Forestry-derived carbon credit prices would have to increase from their recent average of $7 per tonne to as high as $75 per tonne for US timberland owners to accept a long-term delay in harvesting in favor of accumulating carbon stocks, according to Manulife Investment Management.

“If the price of forest carbon credits were to reach an average of $30 per tonne, potential carbon returns would approach parity with current expected returns for traditional timber production management on a US southern pine plantation,” Manulife analysts wrote. “Similarly, the carbon price required to put the financial returns of carbon management at parity with a US Pacific Northwest timberland property managed on a timber production regime is nearly $75 per tonne.”

Eric Cooperstrom, Manulife managing director for impact investing and natural capital solutions, told Agri Investor that macroeconomic concerns, geopolitics and an increasingly stringent focus on project quality have all shaped recent transaction activity within a voluntary carbon market about which information remains largely anecdotal.

“We’ve seen, generally, companies that had been very ambitious in terms of setting net zero commitment and pursuing high-quality carbon credits – because of the economic uncertainty – take a pause or reassess their strategies,” said Cooperstrom, who joined Manulife after four years at The Nature Conservancy, according to his LinkedIn profile.  “There has been some softening in carbon prices from the broader aggregator indices. For the higher quality end of the market and natural capital-based solutions, those types of credits have seen greater resiliency.”

In its late-October overview, Manulife explored how investors’ assumptions about carbon policy and the future trajectory of carbon and timber values have been incorporated into timber valuations and investments.

The report highlighted carbon potential among factors contributing to a recent Lake States timberland sale at $1,017 per acre compared with 5-year average of $636 per acre.

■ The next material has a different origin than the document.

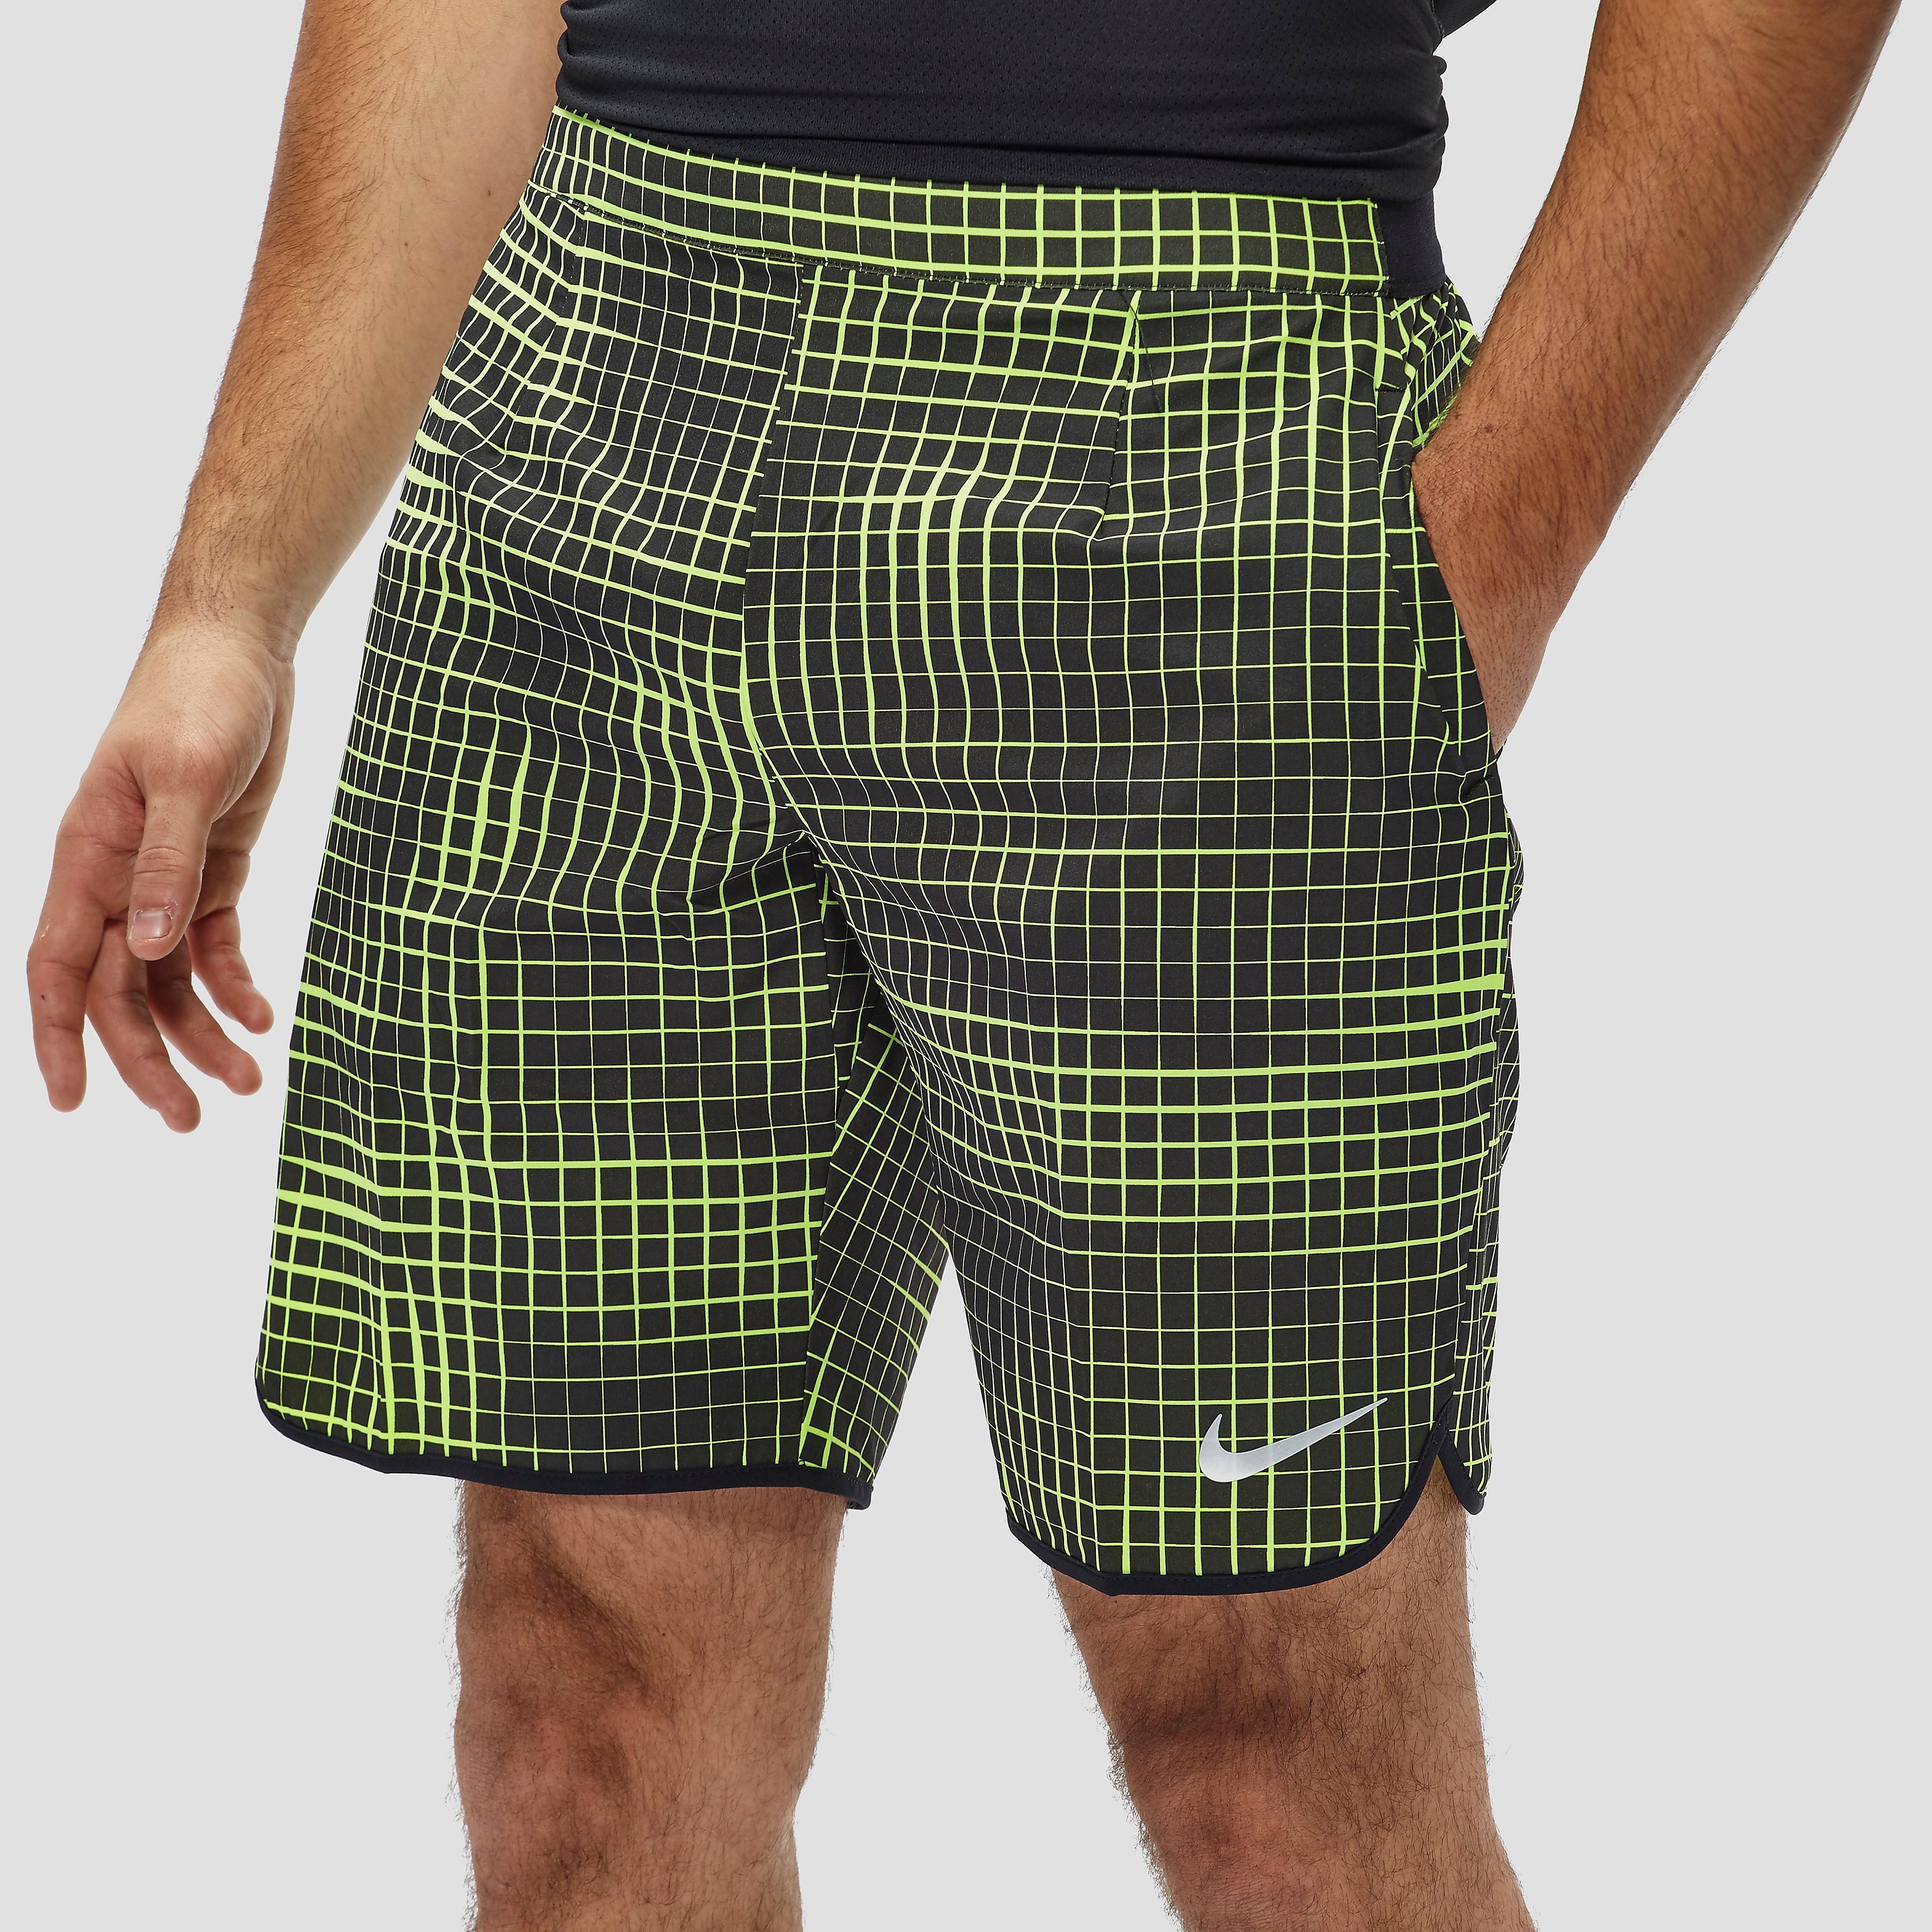 Nike Court Gladiator Men's Shorts
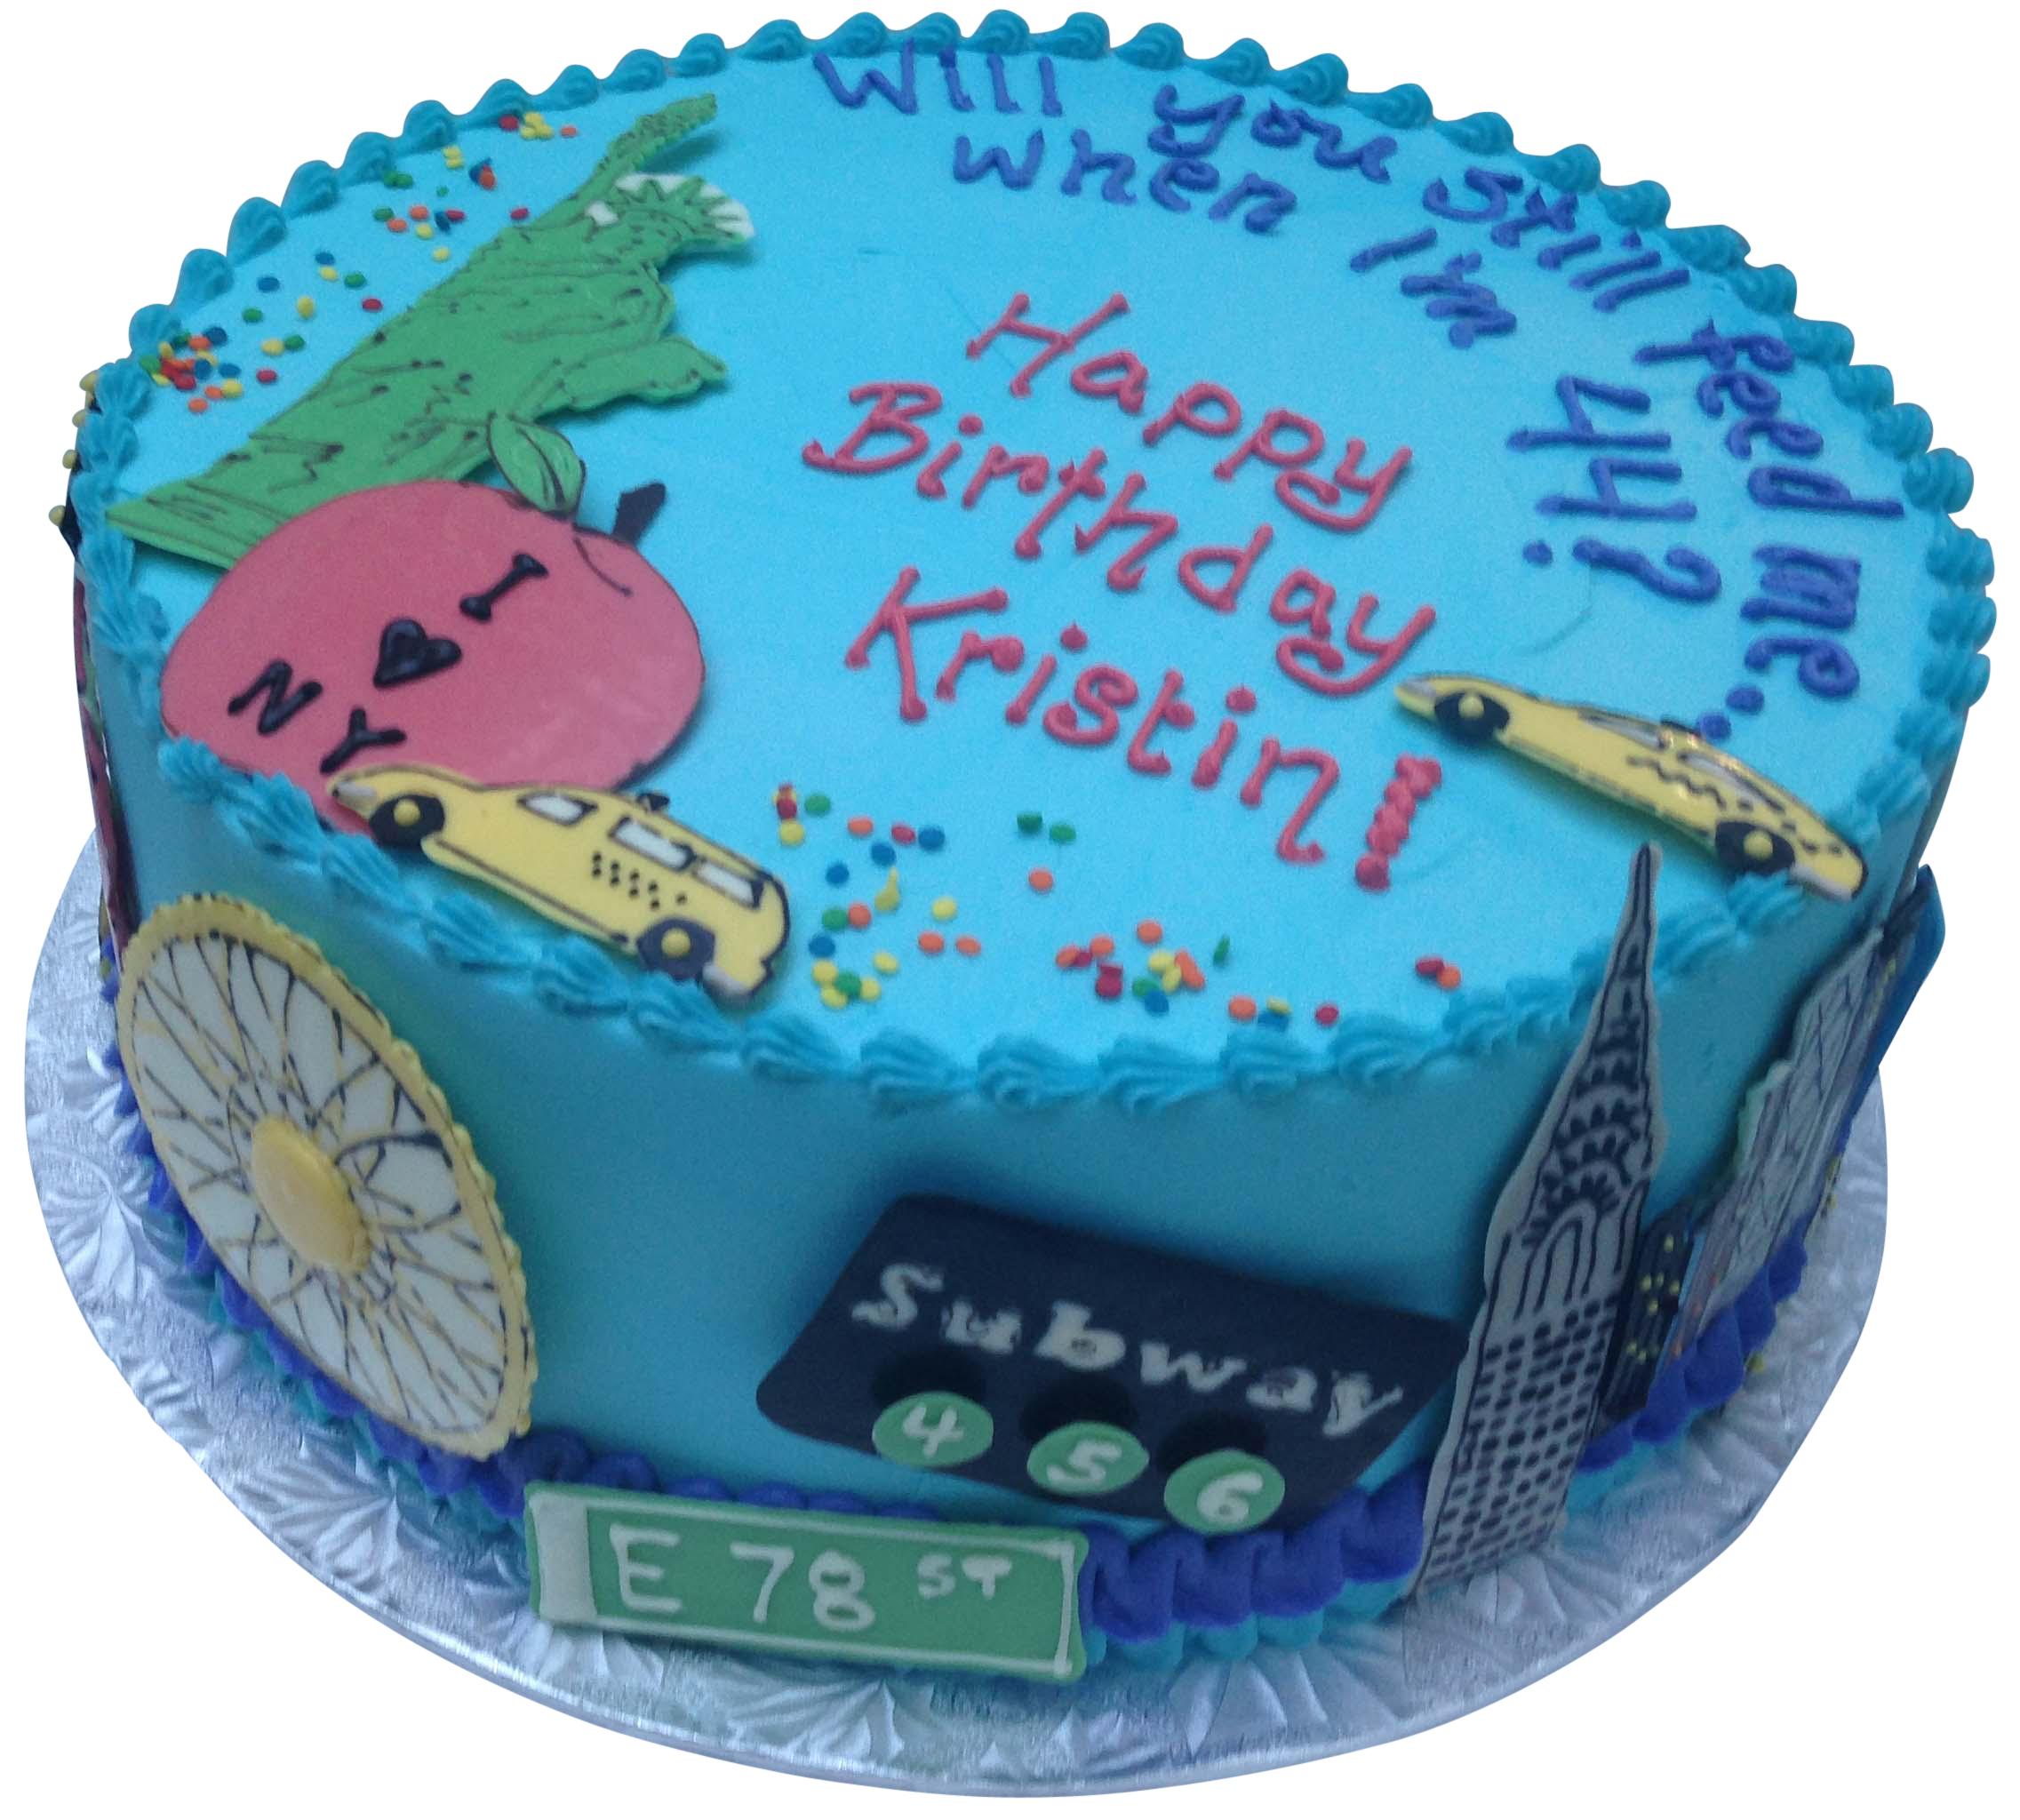 BeBe-Cakes-NYC-Birthday-Cake.jpg

It also included projected breakeven prices for carbon projects to displace production-focused management in US, Australian, New Zealand and Brazilian timber markets.

“As the relative price of carbon credits converges with values generated by a particular region’s timber production, stumpage prices in that region could be pushed higher to motivate landowners to continue to produce timber in place for forest product facilities,” they wrote.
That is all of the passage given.